(TASK STATEMENT):
What you return should match the data below exactly, with no pictures in it.
*** DATASET EXTRACT
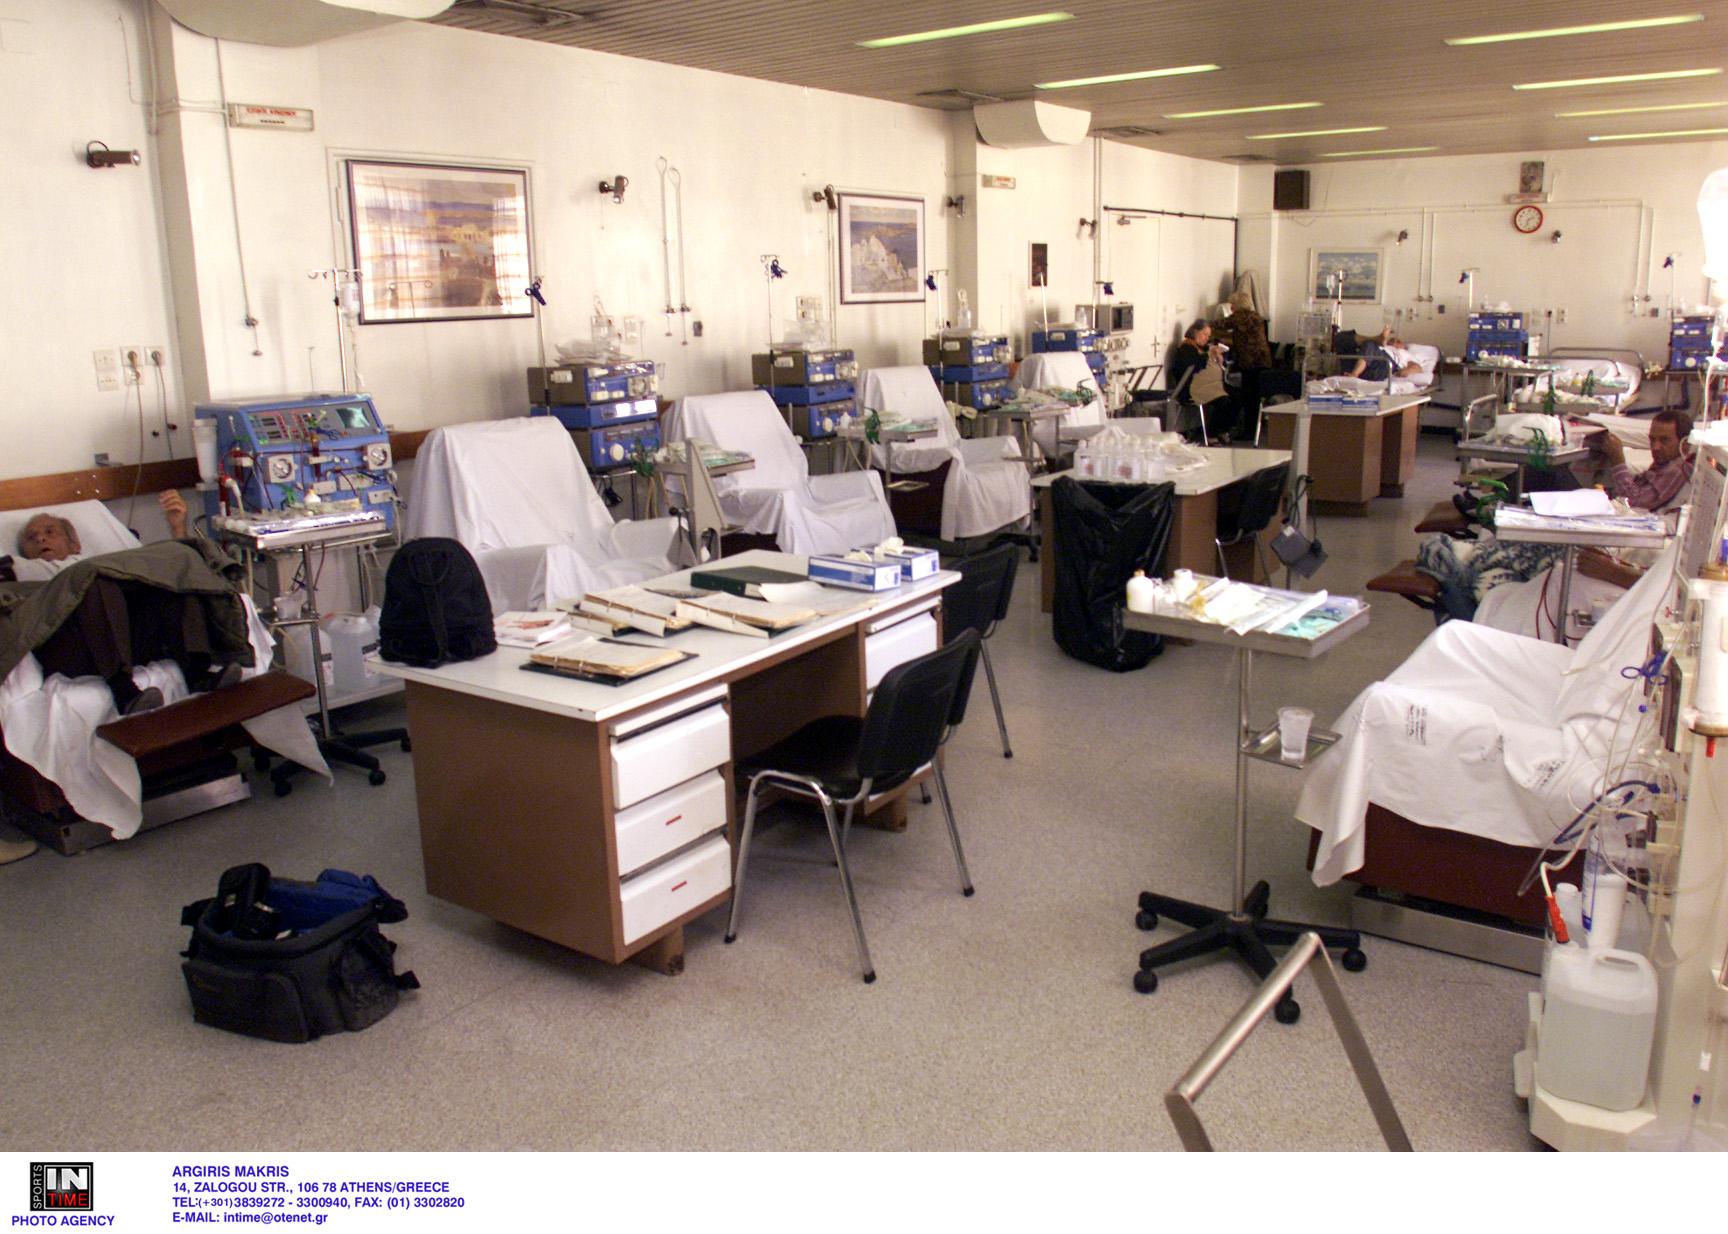 Κορονοϊός – Έρευνα: Οι νεφροπαθείς σε αιμοκάθαρση αναπτύσσουν πολύ λιγότερα αντισώματα μετά τον εμβολιασμό
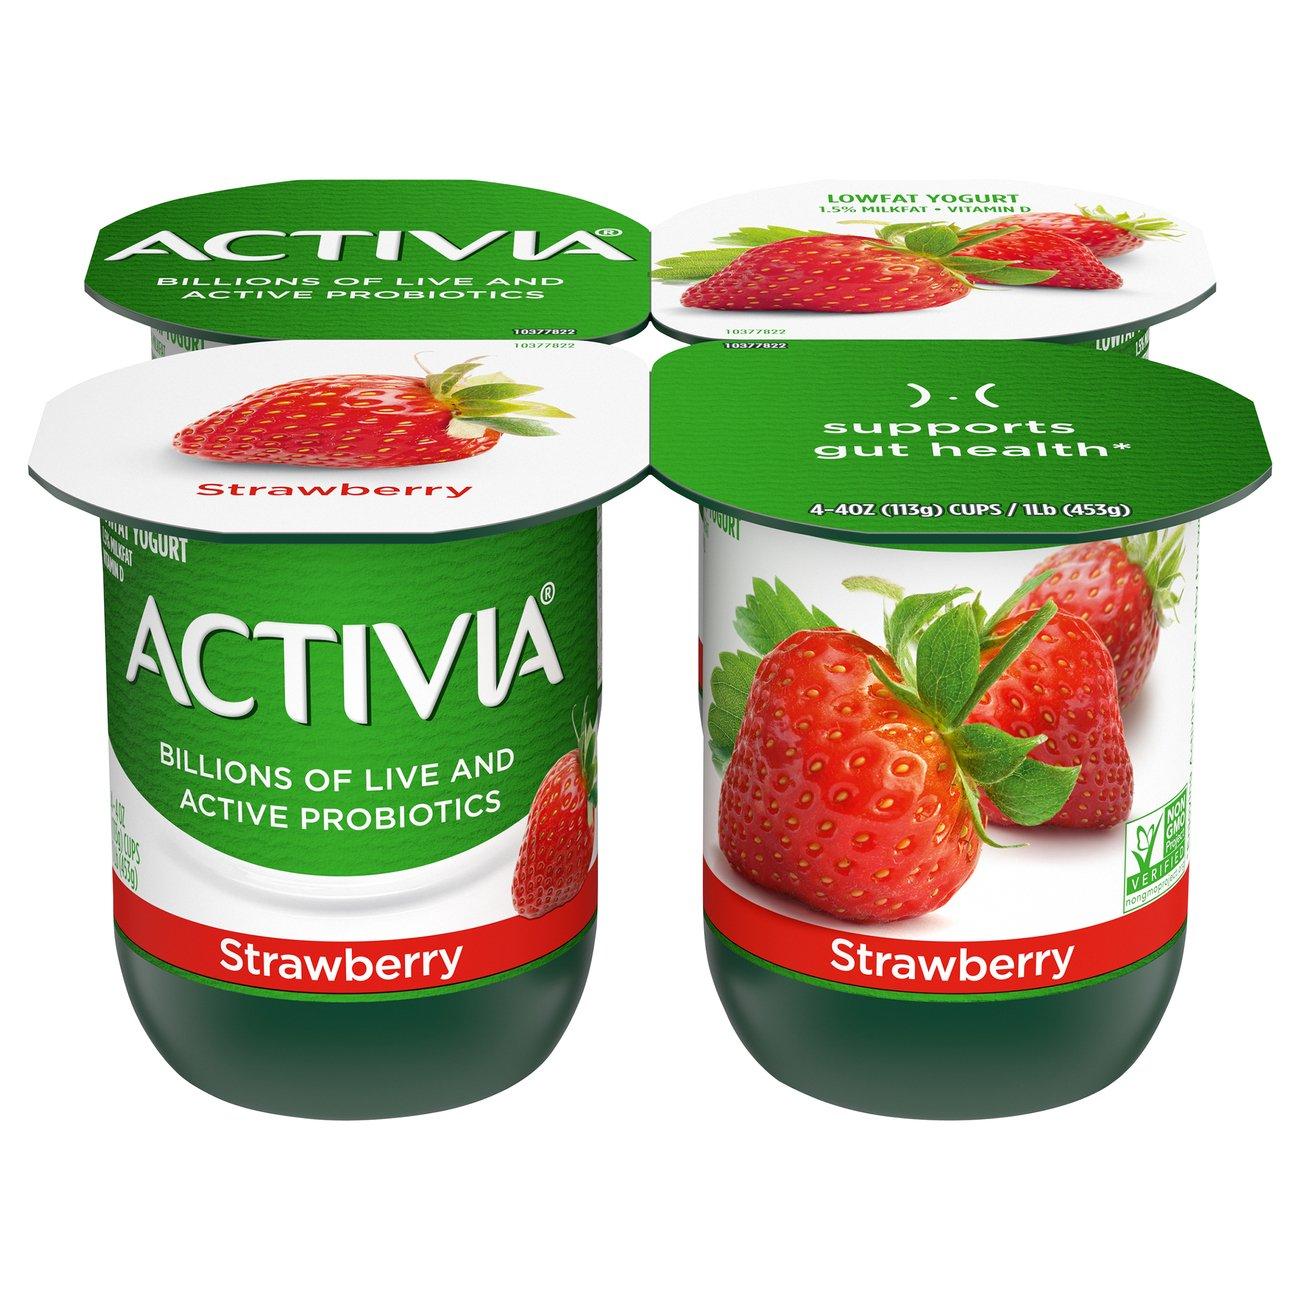 Dannon Activia Low-Fat Strawberry
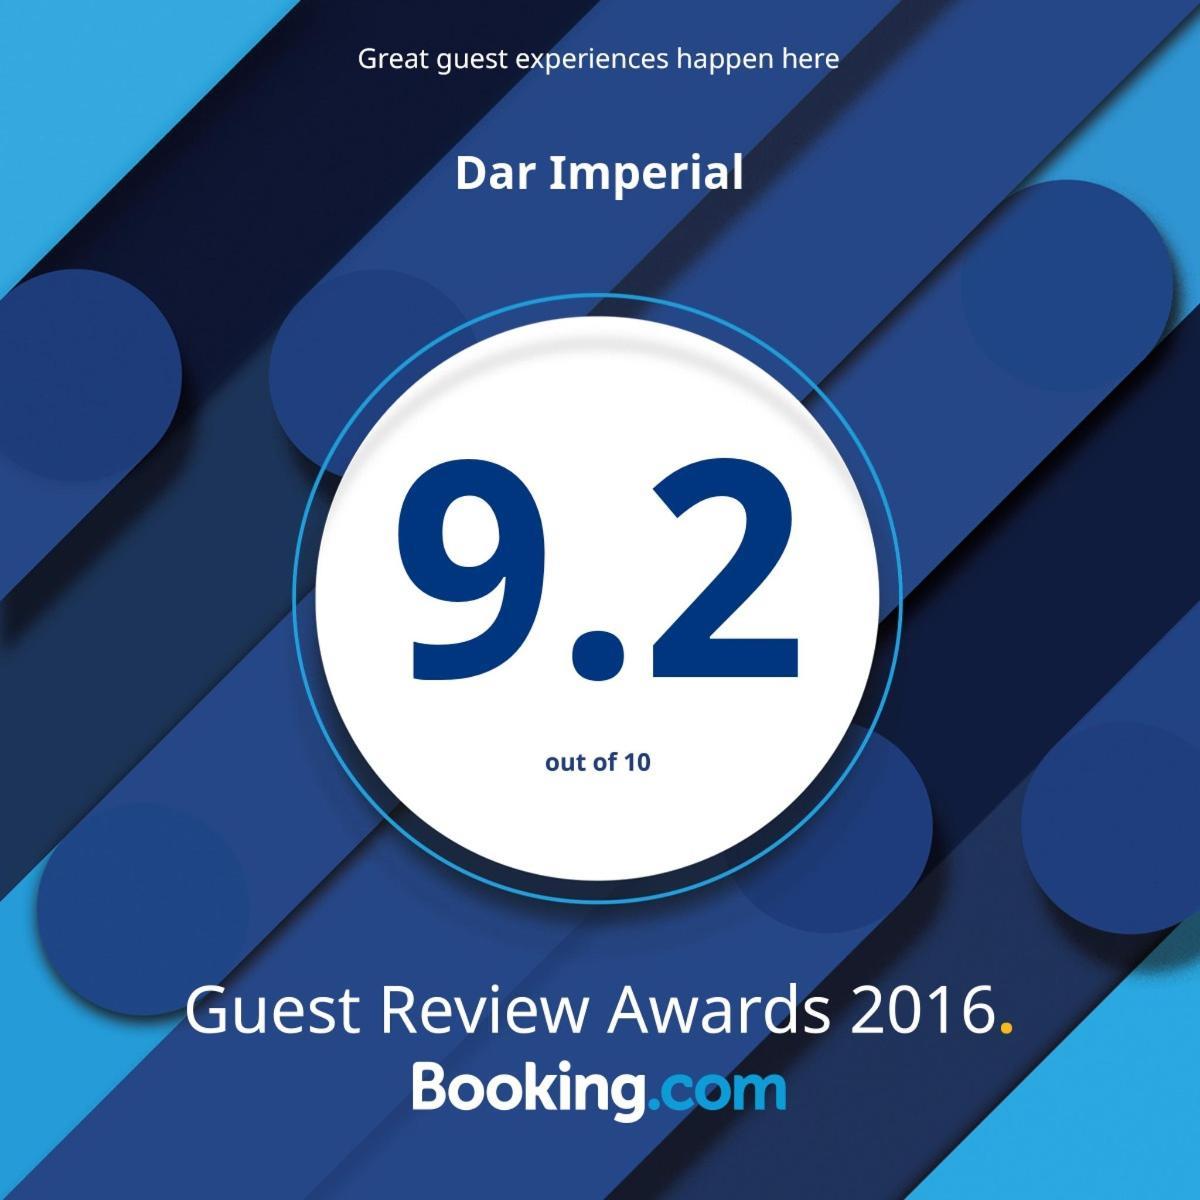 ¡Felicidades! ¡Has conseguido un premio Guest Review Award 2016!
******
(RESULT):
 Κορονοϊός – Έρευνα: Οι νεφροπαθείς σε αιμοκάθαρση αναπτύσσουν πολύ λιγότερα αντισώματα μετά τον εμβολιασμό
 Dannon Activia Low-Fat Strawberry
 ¡Felicidades! ¡Has conseguido un premio Guest Review Award 2016!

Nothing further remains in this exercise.